Charles questioned whether it’s possible to come to a balance between human desires and nature. He is not optimistic about the European/American ontological model. The problem, he feels, is that we are all living beyond our means. He recommended the book The Dawn of Everything, which speaks about global scarcity where we humans function like slaves.
Needless to say, this whole talk was a bit of a downer, yet we didn’t accept everything he said. As a group, I think we remain hopeful.
With our free time that afternoon, each of us residents started adjusting to our environment and interacting with it. I walked around the area below the kitchen, where there was a beautiful pond, and decided that I would start to draw. Walking through the debris, I was fascinated by everything below my feet. I hadn’t looked at nature that carefully for many, many years. At one moment, I glanced down at the grass and saw the ants walking all over my pencils. I was much more captivated by the movement of the ants than by the project of drawing the plant in front of me.

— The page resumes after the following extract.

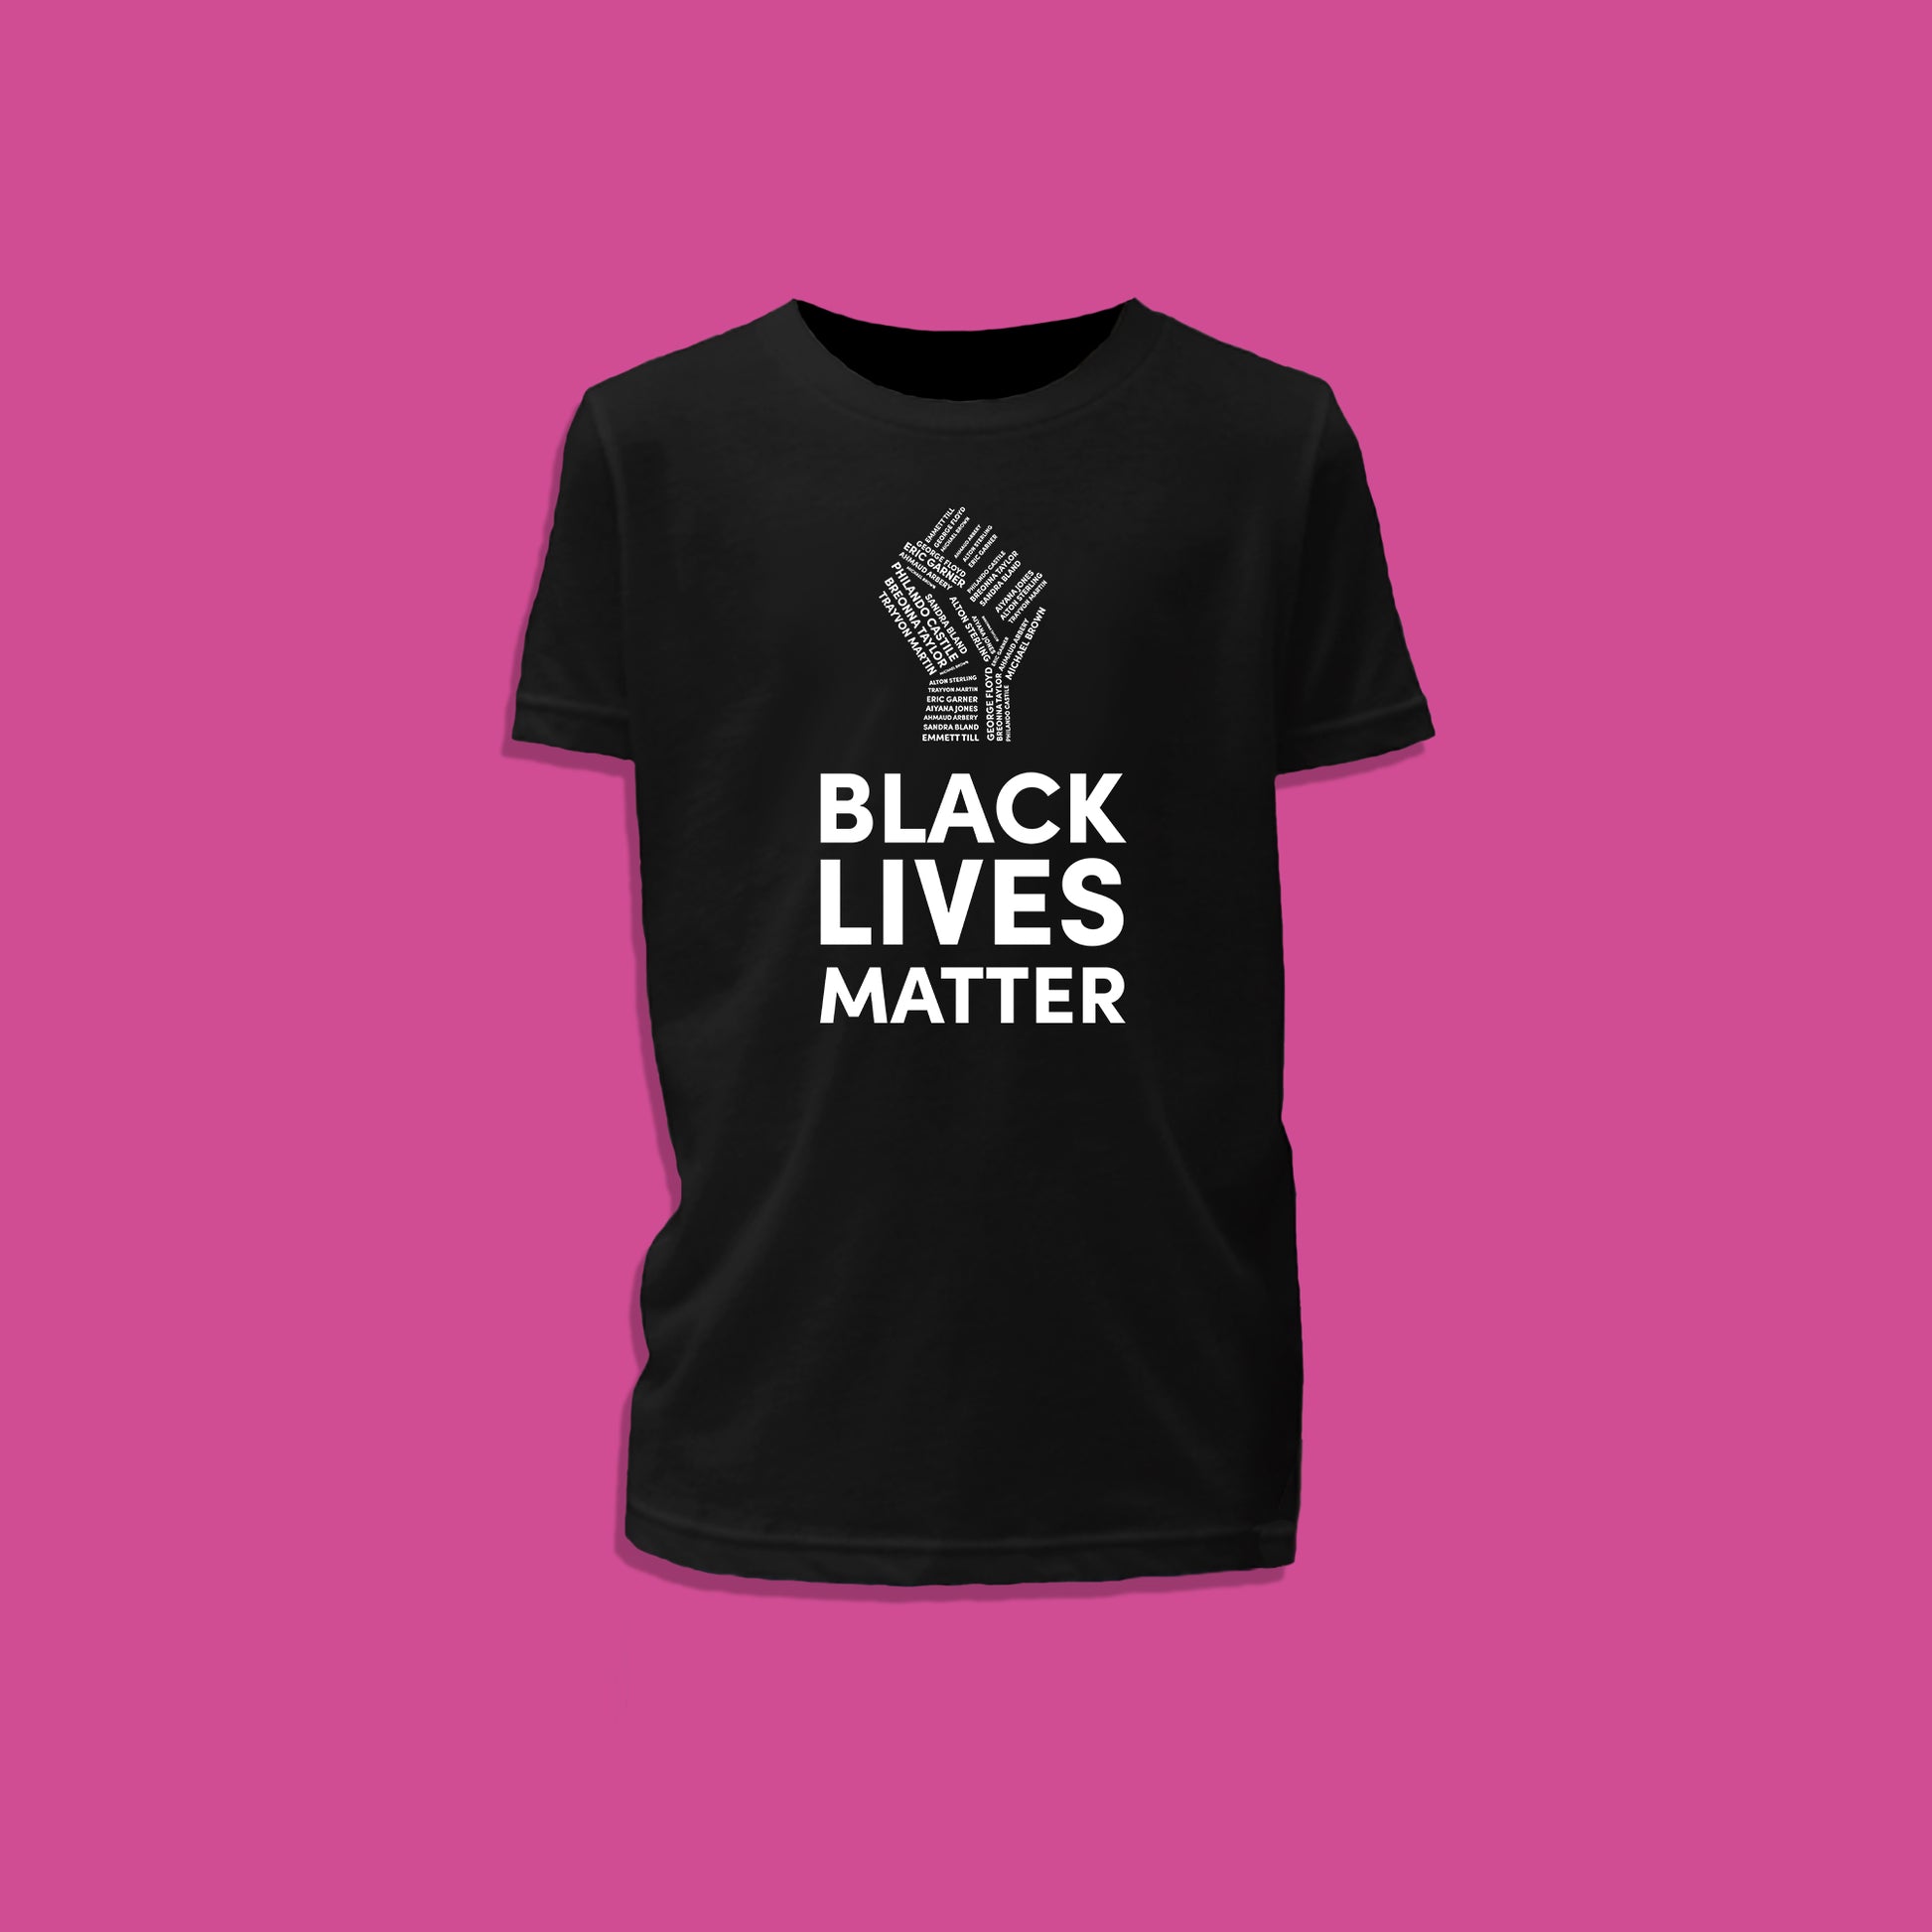 Kid's black cotton t-shirt with black lives matter and a fist printed in white on the front
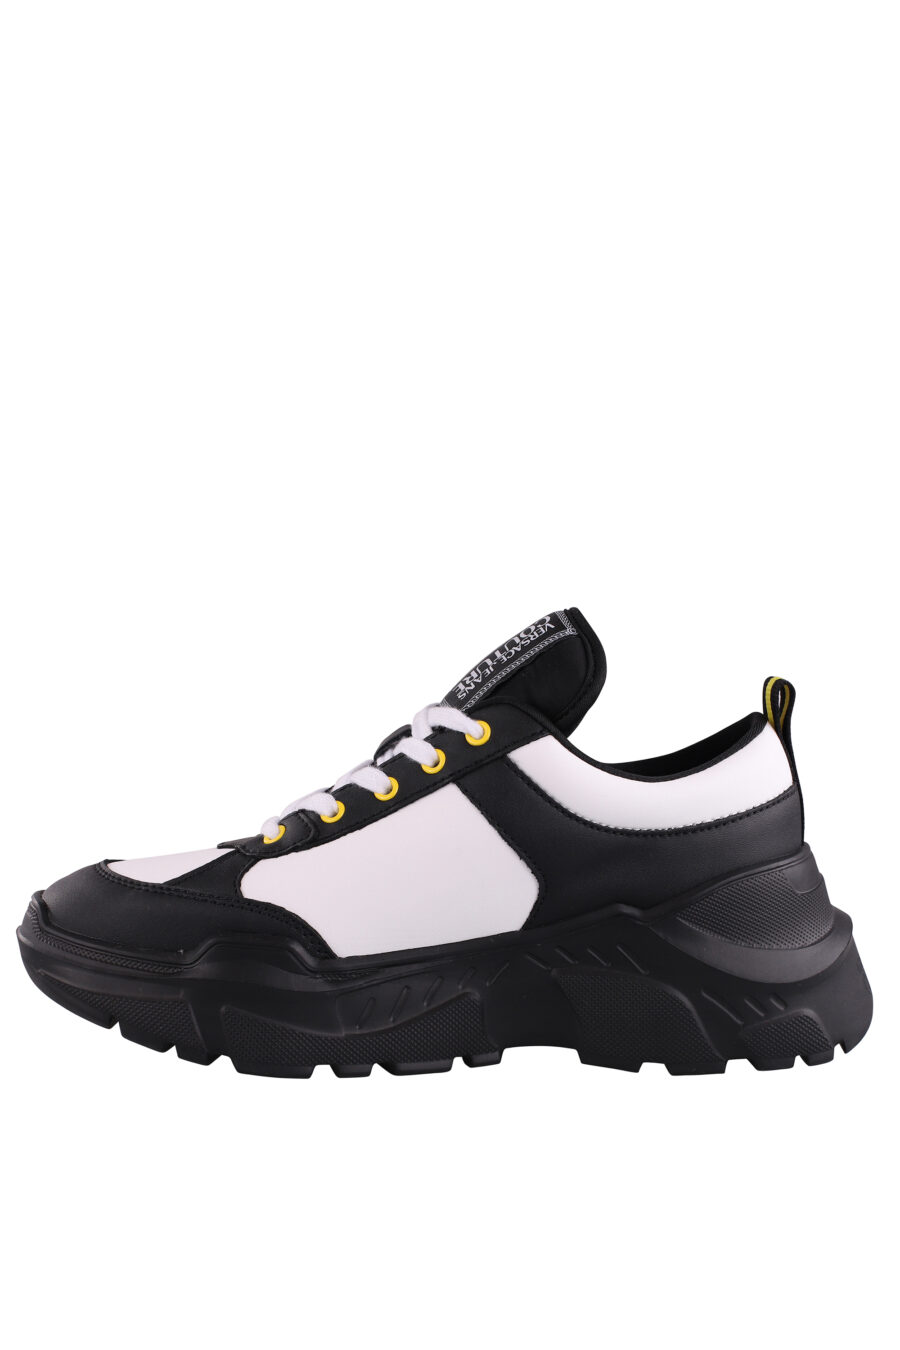 Black and white bicolour trainers with logo and yellow detail - IMG 9071

Ingrid Weyland, one of my two roommates, was photographing nearby and took some pictures of me working.
Before we moved on to the Artist Intervention in the evening, Lilian came by to see how everything was going. We three women complained that we didn’t have a mirror, so she stole one momentarily from another space – but we did return it.
After dinner there was dancing and lots of fun. I caught my roommate Denise, Lilian, and the great dancer Rulan on the dance floor. We all joined in eventually.